Tuesday, January 15, 2013

DELIBERATE PRACTICE: WHAT IT IS AND WHAT IT ISN'T


The following comes from "Talent Is Overrated" by Geoff Colvin

While the best methods of development are constantly changing, they’re always built around a central principle: They’re meant to stretch the individual beyond his or her current abilities. They may sound obvious, but most of us don’t do it in the activities e think of as practice.

By contrast, deliberate practice requires that one identify certain sharply defined elements of performance that need to be improve, and then work intently on them.

Choosing these aspects of performance is itself and important skill.

Identifying the learning zone, which is not simple, and then forcing oneself to stay continually in it as it changes, which is even harder – these are the first and most important characteristics of deliberate practice.

It can be repeated a lot. High repetition is the most important difference between deliberate practice of a task and performing the task for real, when it counts. Tiger Woods may face that buried lie in the sand only two or three times in a season, and if those were his only opportunities to work on hitting that shot, he certainly wouldn’t be able to hit it very well.

Repeating a specific activity over and over is what most of us mean by practice, yet for most of us it isn’t especially effective. After all, I was repeating something – hitting golf ball – on the driving range. Two points distinguished deliberate practice from what most of us actually do. One is the choice of a properly demanding activity in the learning zone, as discussed.

The other is the amount of repetition. Top performers repeat their practice activities to stultifying extent. Ted Williams, baseball’s greatest hitter, would practice hitting until his hands bled. Pete Maravich, whose college basketball records still stand after more than thirty years, would go to the gym when it opened in the morning and shoot baskets until it closed at night.

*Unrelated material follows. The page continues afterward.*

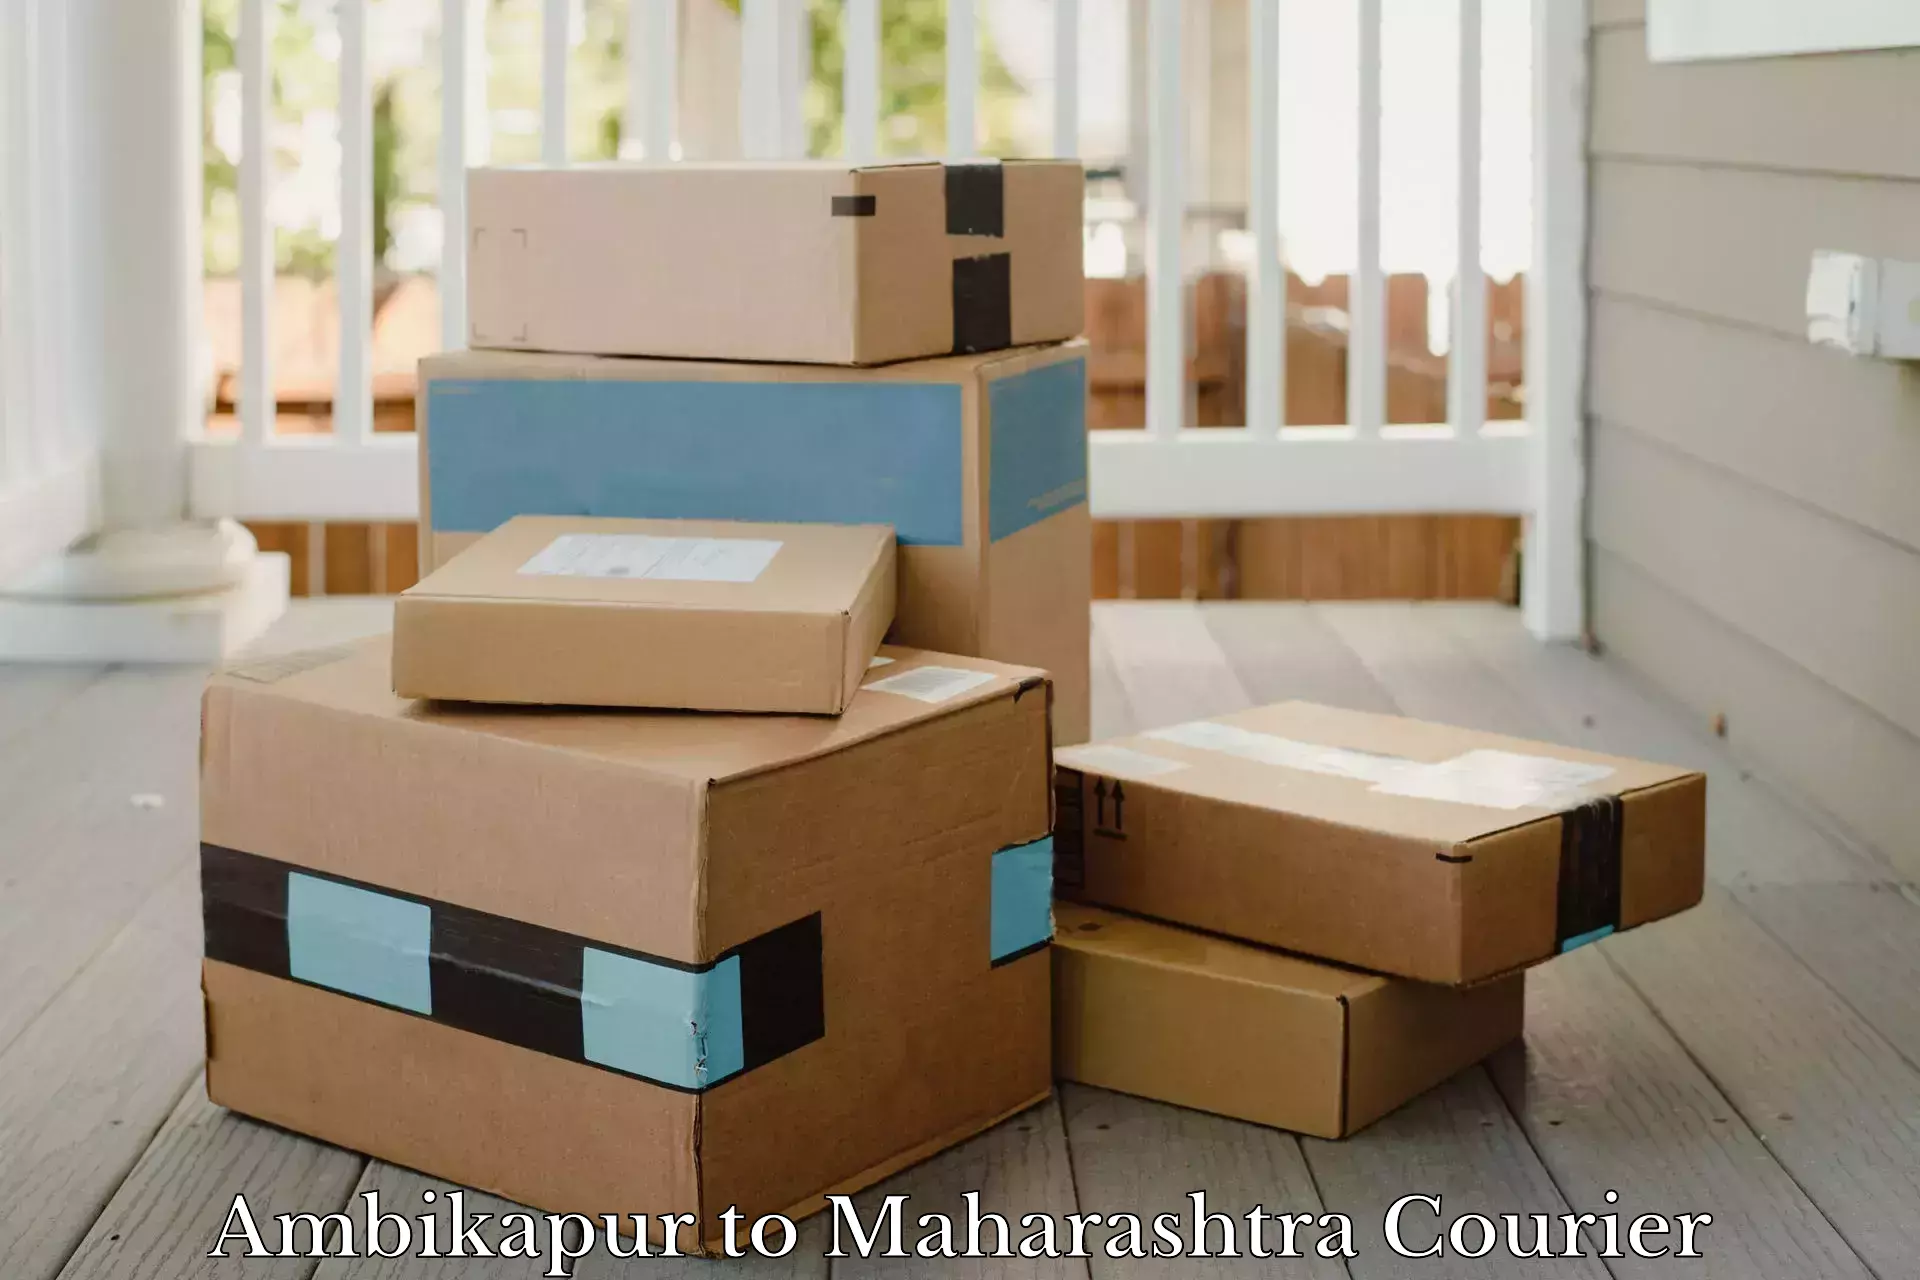 Pharmaceutical courier Ambikapur to Maharashtra

More generally, the most effective deliberate practice activities are those that can be repeated at high volume.

Feedback on results is continuously available. Steve Kerr, former chief learning officer of Goldman Sachs and a highly respected researcher on leadership development, says that practicing without feedback is like bowling through a curtain that hangs down to knee level. You can work on technique all you like, but if you can’t se the effects, two things will happen: You won’t get any better, and you’ll stop caring.

Getting feedback on most practice activities is easy. Lift the curtain and a bowler knows immediately how he did; in sports generally, seeing the results of practice is no problem.

It’s highly demanding mentally. Deliberate practice is above all an effort of focus and concentration. This is what makes it “deliberate,” as distinct from the mindless playing of scales or hitting of tennis balls that most people engage in. Continually seeking exactly those elements of performance that are unsatisfactory and then trying one’s hardest to make them better places enormous strains on anyone’s mental abilities.

The work is so great that it seems no one can sustain it for very long. A finding that is remarkably consistent across disciplines is that four or five hours a day seems to be the upper limit of deliberate practice, and this is frequently accomplished in sessions lasting no more than an hour to ninety minutes.

It isn’t much fun. This follows inescapably from the other characteristics of deliberate practice, which could be described as a recipe for not having fun. Doing things we know how to do well is enjoyable, and that’s exactly the opposite of what deliberate practice demands. Instead of doing what we’re good at, we insistently seek out what we’re not good at. Then we identify the painful, difficult activities that will make us better and do those things over and over. After each repetition, we force ourselves to see – or get others to tell us – exactly what sill isn’t right so we can repeat the most painful and difficult parts of what we’ve just done. We continue that process until we’re mentally exhausted.

Ericson and his colleagues stated it clearly in their article: Deliberate practice “is not inherently enjoyable.”

If it seems a bit depressing that the most important thing you can do to improve performance is no fun, take consolation in this fact; It must be so. If the activities that lead to greatness were easy and fun, then everyone would do them and they would not distinguish the best from the rest. The reality that deliberate practice is hard and even been seen as good news. It means that most people won’t do it. So your willingness to do it will distinguish you all the more.